Review of THE CUTTING SEASON by Attica Locke


And here’s one more book with a twist from the list I posted on Friday:  The Cutting Season by Attica Locke.

3 Stars
Caren Gray manages Belle Vie, a restored plantation in Louisiana, now a tourist attraction. The body of a Latina migrant worker from the adjoining industrial sugarcane farm is found on the estate. Caren is drawn into the investigation of the case which seems to be related to the murder of her great-great-great-grandfather who worked at Belle Vie as both a slave and a free man.

History is very much a character in the novel; it is a palpable presence to which people frequently allude. It soon becomes clear that the past has shaped people’s identities and lives and continues to shape their choices in the present. This is most obviously the case for Caren. There are also parallels between past and present. The poor wages, substandard living conditions, prejudice, and mistreatment experienced by post-Civil War blacks is mirrored to some extent in the wages, living conditions, prejudice, and mistreatment that are the lot of the migrant labourers.
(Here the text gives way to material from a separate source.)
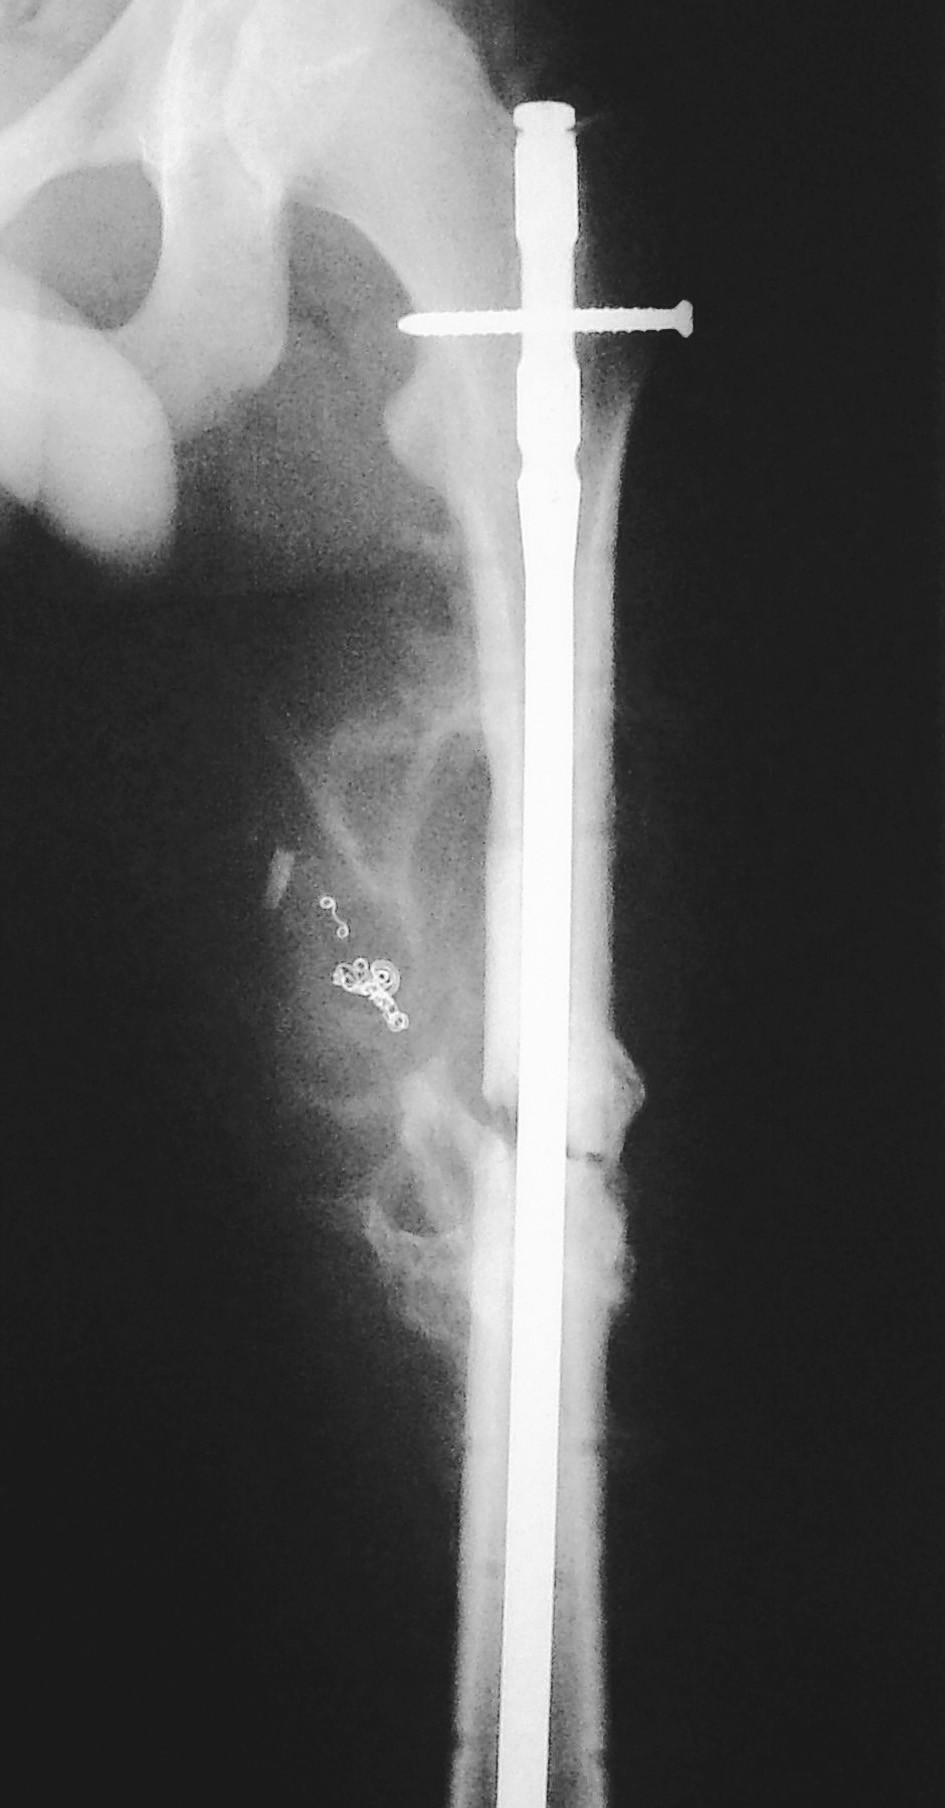 RTG obraz stavu po konverzi zevní fixace na nitrodřeňový hřeb, st.p. angiografickém řešení pseudoaneuryzmatu spirálami Vortex Pic. 6. X-ray view of the condition following conversion of external fixation to intramedullary nailing, st.p.angiographic management of the pseudoaneurysm using Vortex spirals

Locke excels at using the plantation to create atmosphere. From the beginning it is clear that this beautiful, apparently civilized setting hides long-buried strife and discord. Belle Vie is “not to be trusted. . . beneath its loamy topsoil, the manicured grounds and gardens, two centuries of breathtaking wealth and spectacle, lay a land both black and bitter, soft to the touch, but pressing in its power” (4).
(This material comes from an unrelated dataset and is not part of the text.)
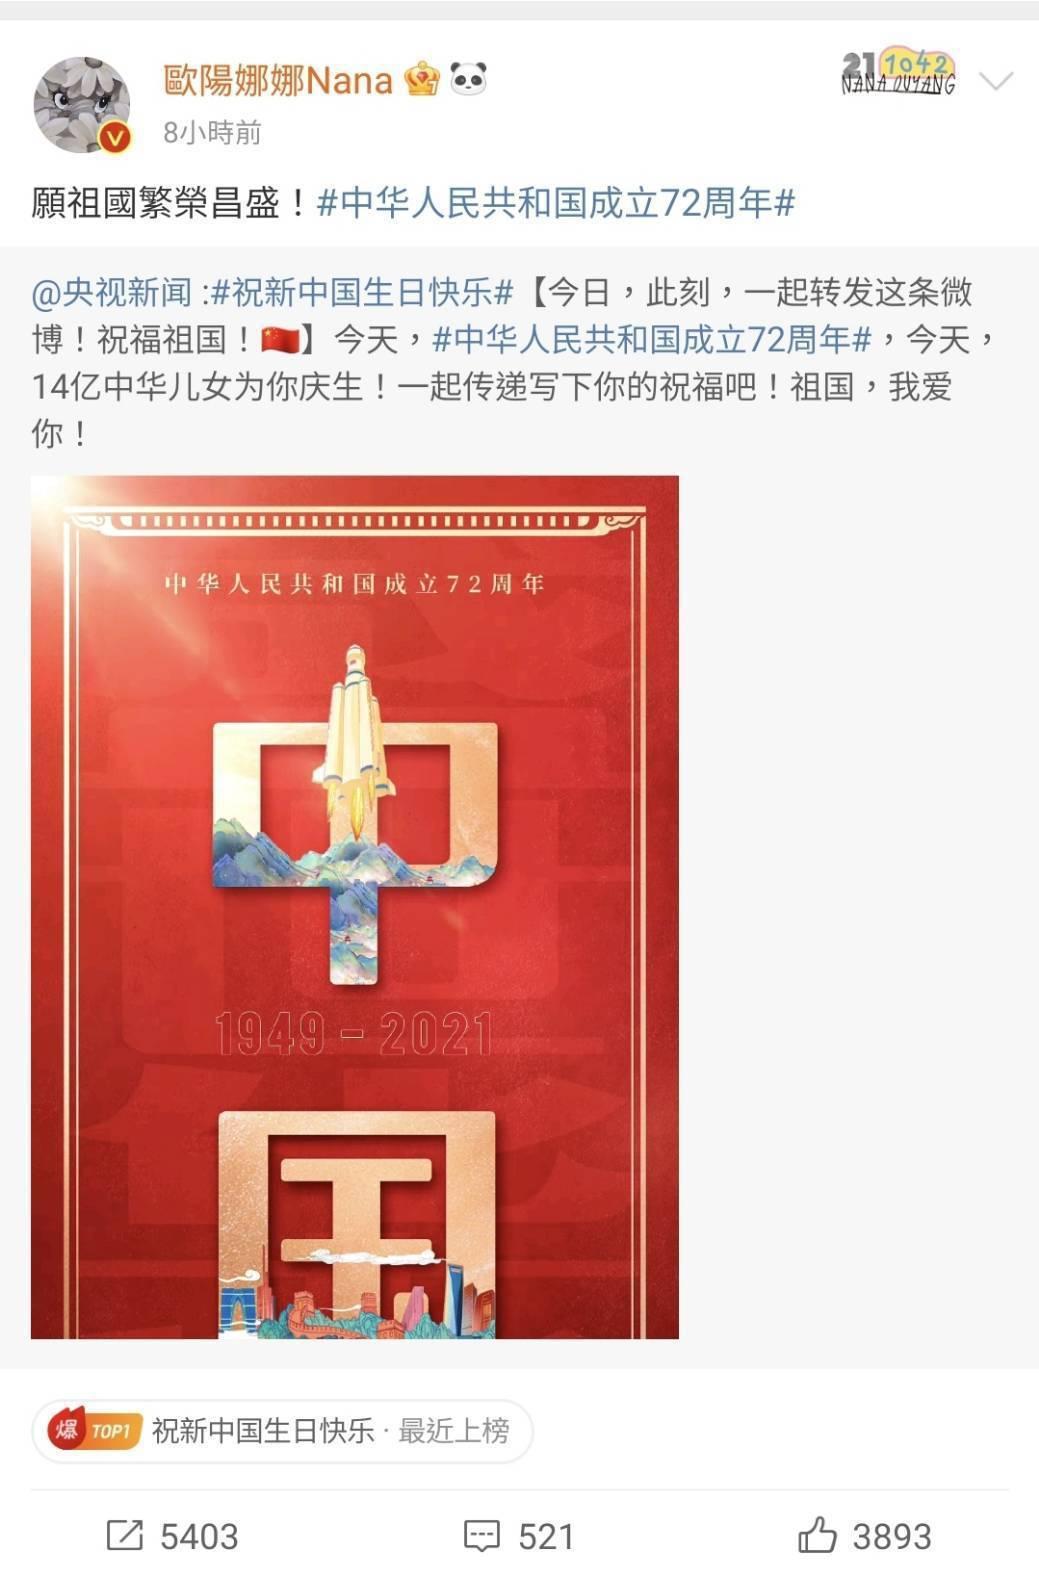 娜娜發文慶祝中國國慶。 圖/擷自微博

The book has the requisite suspense and red herrings, but the characterization of the protagonist bothered me. Caren is so very unobservant. As a manager she makes daily tours of the estate, but she is blind to so much that is going on at Belle Vie. She studied law for a couple of years, but she mishandles evidence she discovers and withholds information from investigators, usually for no convincing reason. At the end there is a major revelation concerning her ancestor but she is uninterested in following up on its implications.
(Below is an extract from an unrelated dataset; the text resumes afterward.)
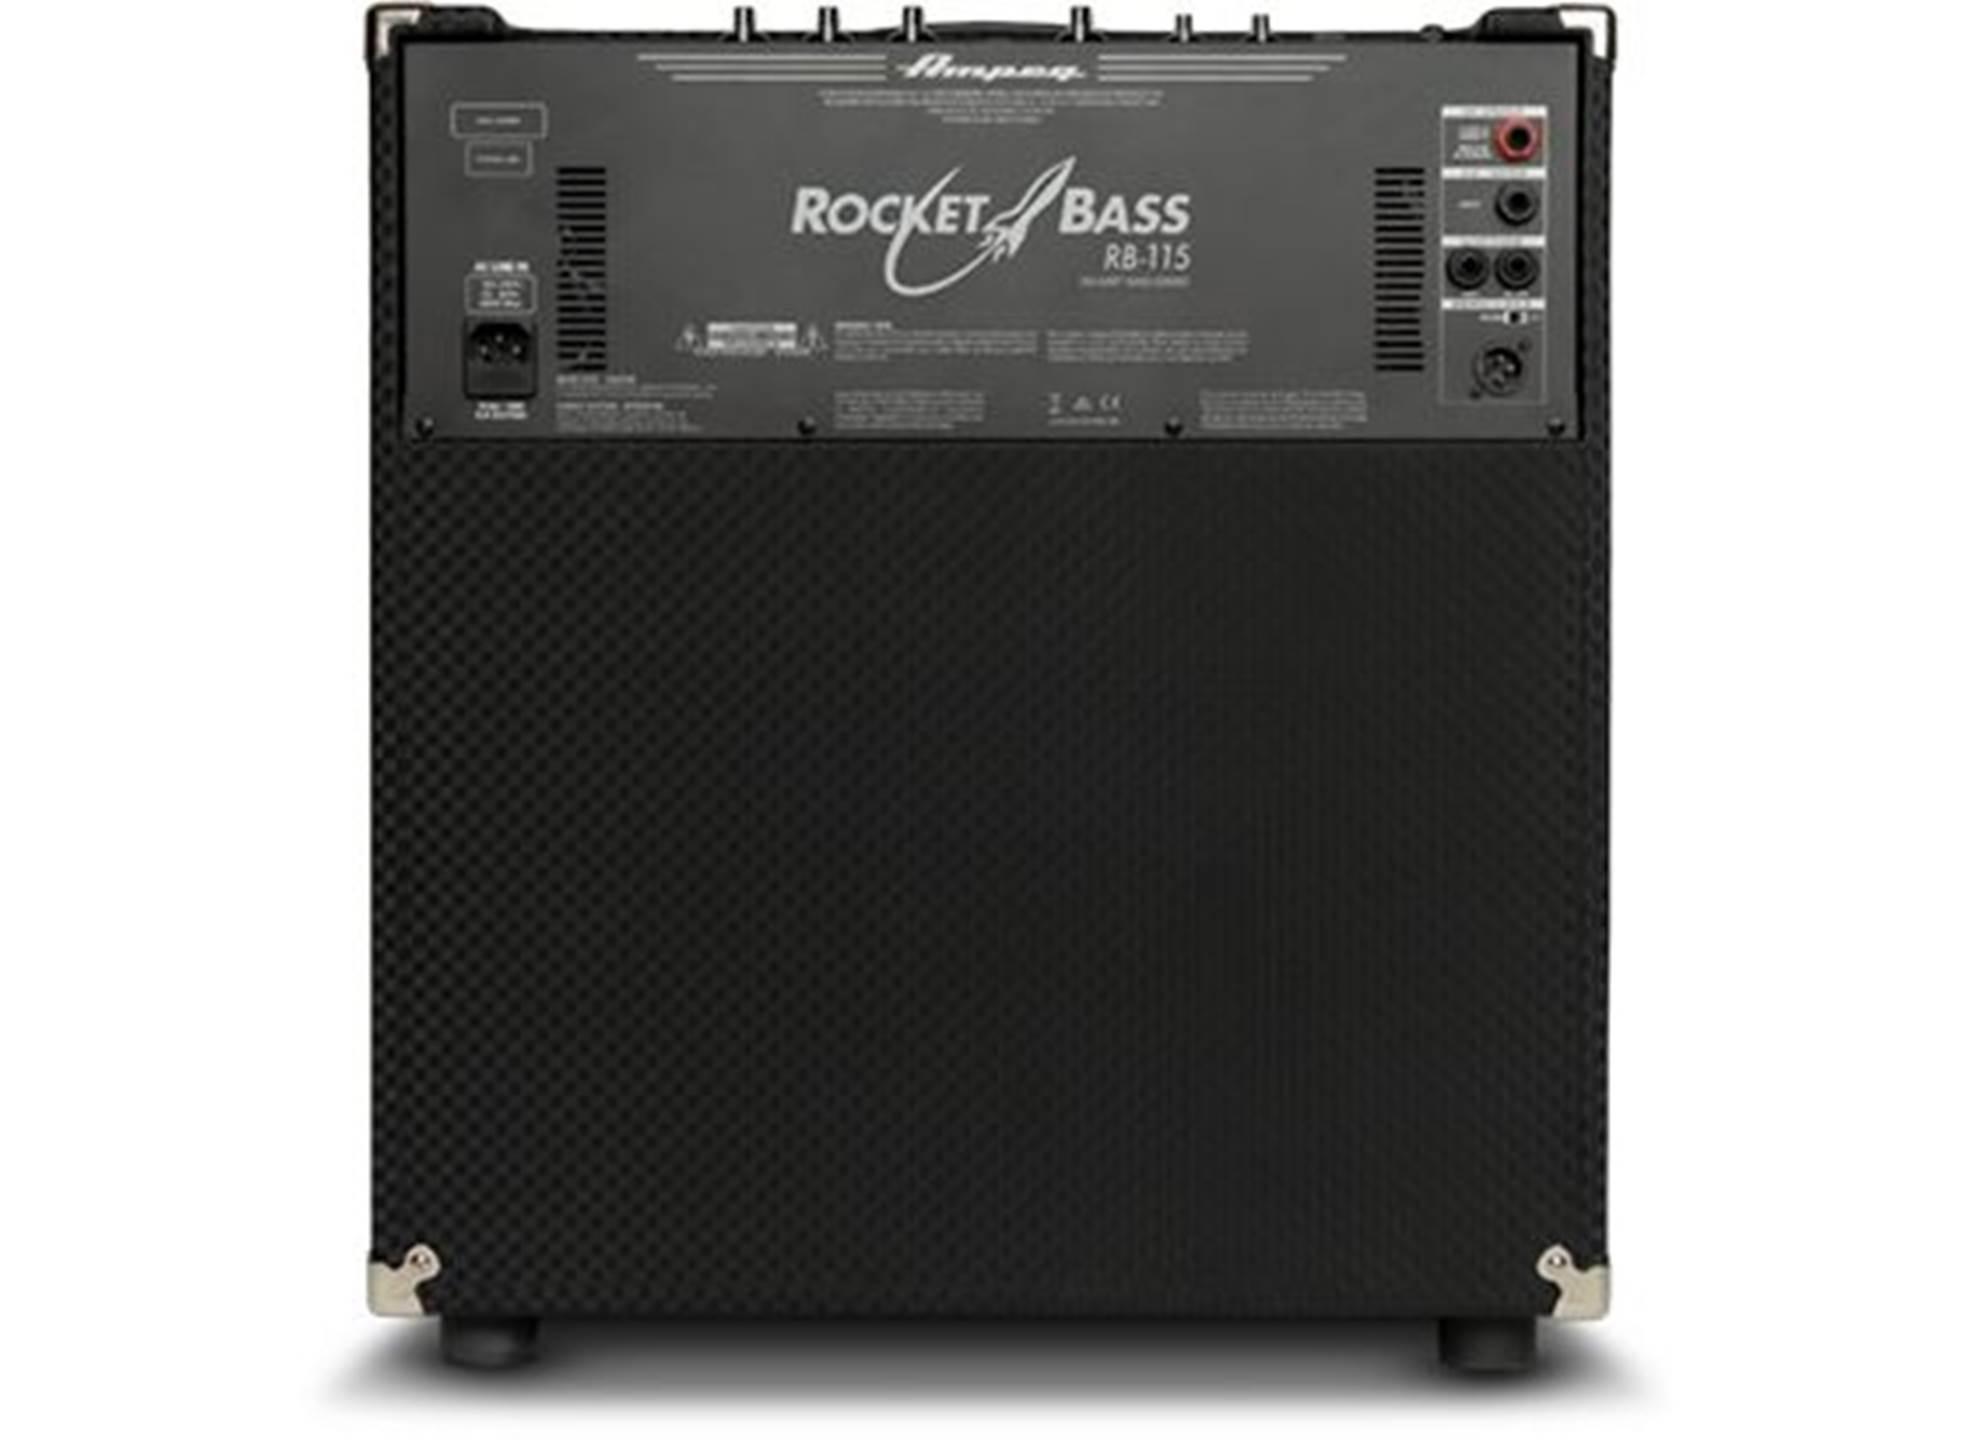 Rocket Bass RB-210

There are other flaws in the novel. The police investigators are stereo-typed as incompetent and myopic, as befitting a small town!? There are unanswered questions; for instance, much is made of the victim’s desire to find another home, but no satisfactory explanation is given as to why when her living situation is almost ideal in many ways. The ending is also less than satisfying. We learn that the perpetrator disagrees with the actions of a family member but aided him nonetheless? Furthermore, the final confrontation between Caren and the murderer is staged; it is doubtful that he could arrive at the location before Caren, given the time span involved, and the reasons for some of his behaviour during that confrontation are unclear. Then there are the annoying shifts from direct dialogue to narrated dialogue for no discernible reason.

I admire Locke’s ability to expand the genre of crime fiction by including a theme about the connections between past and present, but I was disappointed with some of the plotting and characterization.